4. Redis, linked to Celery, depicting its role as the backend for task results and state management.
5. Flower, also connected to Celery, for monitoring tasks and workers.

• FastAPI handles incoming HTTP requests, triggers background tasks, and provides endpoints to interact with the application's functionalities.
• FastAPI pushes tasks into the RabbitMQ queue. Celery workers subscribe to this queue, pulling tasks for execution as they become available.
• Workers receive tasks from RabbitMQ, execute them independently or in parallel, and update task states. They push task results and status updates back to the backend.
• Celery uses Redis for task result storage, caching, and managing the state of tasks. It stores task outputs, states, and other transient data, providing a fast and persistent storage solution.
• Flower connects to the Celery, allowing administrators or developers to monitor task progress, worker statuses, and overall system health through an intuitive web interface.
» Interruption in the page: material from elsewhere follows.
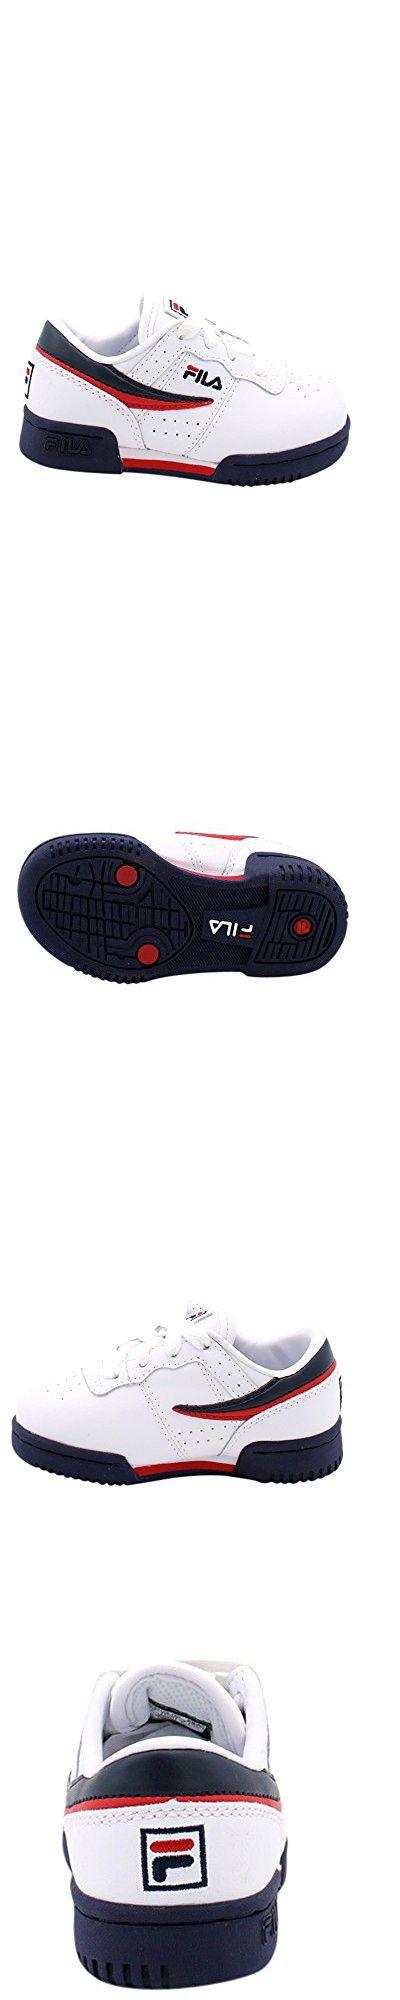 dd14de8b8ee0 Fils - Boy s Original Fitness Lo Sneakers (Toddler)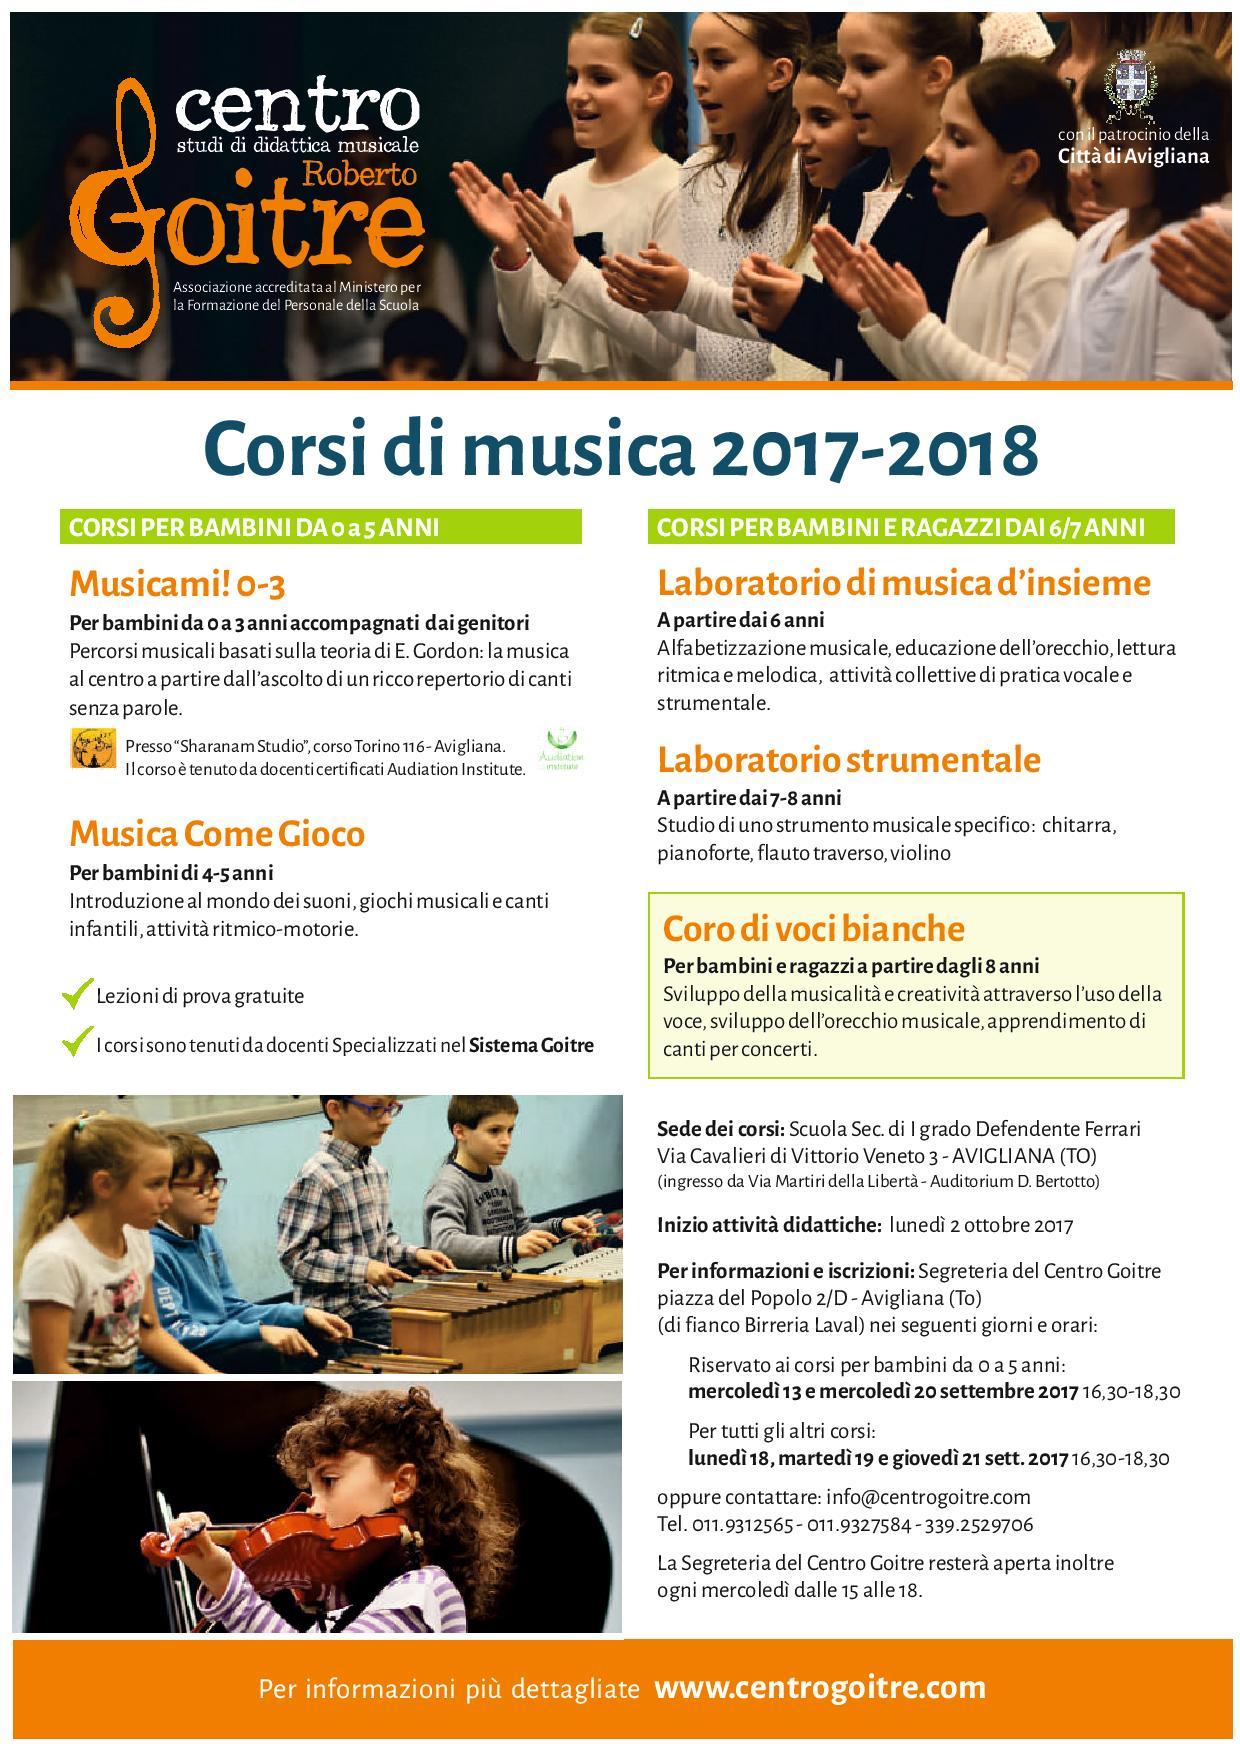 Locandina_Corsi di Musica Goitre_2017

Application code explanation.

• This FastAPI application integrates with Celery, a task queue system, to handle asynchronous tasks efficiently.

  • This FastAPI code sets up two endpoints:

    1. Trigger Task Endpoint (/{word}): Receives a word via a GET request, sends it as a background Celery task, and returns the task's ID.

    2. Task Result Endpoint (/process/{task_id}): retrieves the status and result of a specific task based on its ID. It constructs a response containing the task's ID, its current status (such as "processing" or "completed"), any encountered errors, and the task's result if it has finished successfully.

• A Celery worker is a process or a set of processes responsible for executing tasks asynchronously within a Celery-based distributed task queue system. These workers pull tasks from the message broker, execute them, and manage the task lifecycle, including tracking their progress, updating status, and handling results.

• The celery_app.py file initializes the Celery application differently based on whether it's running with or without Docker. It configures the Celery app with specific backend and broker settings.

• Without Docker, it uses Redis as the backend for storing task results and RabbitMQ as the message broker for handling task queues and message passing . It also sets up a task route for a specific task (app.worker.celery_worker.test_celery) to a queue named test-queue.

• Moving on to celery_worker.py, it contains the Celery task definition test_celery(word: str). This task simulates work by running a loop that sleeps for one second in each iteration. During this loop, it updates the task's state to 'PROGRESS' and includes metadata indicating the progress percentage (increments of 10 from 10% to 100%). Finally, it returns a string with the word provided in the argument.

• Using Redis as a backend for Celery involves utilizing Redis as the storage mechanism for Celery's task results and other operational data. Redis serves as a fast, in-memory data structure store that can be used for various purposes, including task result storage in Celery.

• RabbitMQ (Message Broker): Facilitates communication between the FastAPI application and Celery workers. It ensures reliable message delivery, queues incoming tasks, and distributes them among workers for processing. RabbitMQ acts as a middleman for task distribution, ensuring tasks are executed asynchronously without overloading the application.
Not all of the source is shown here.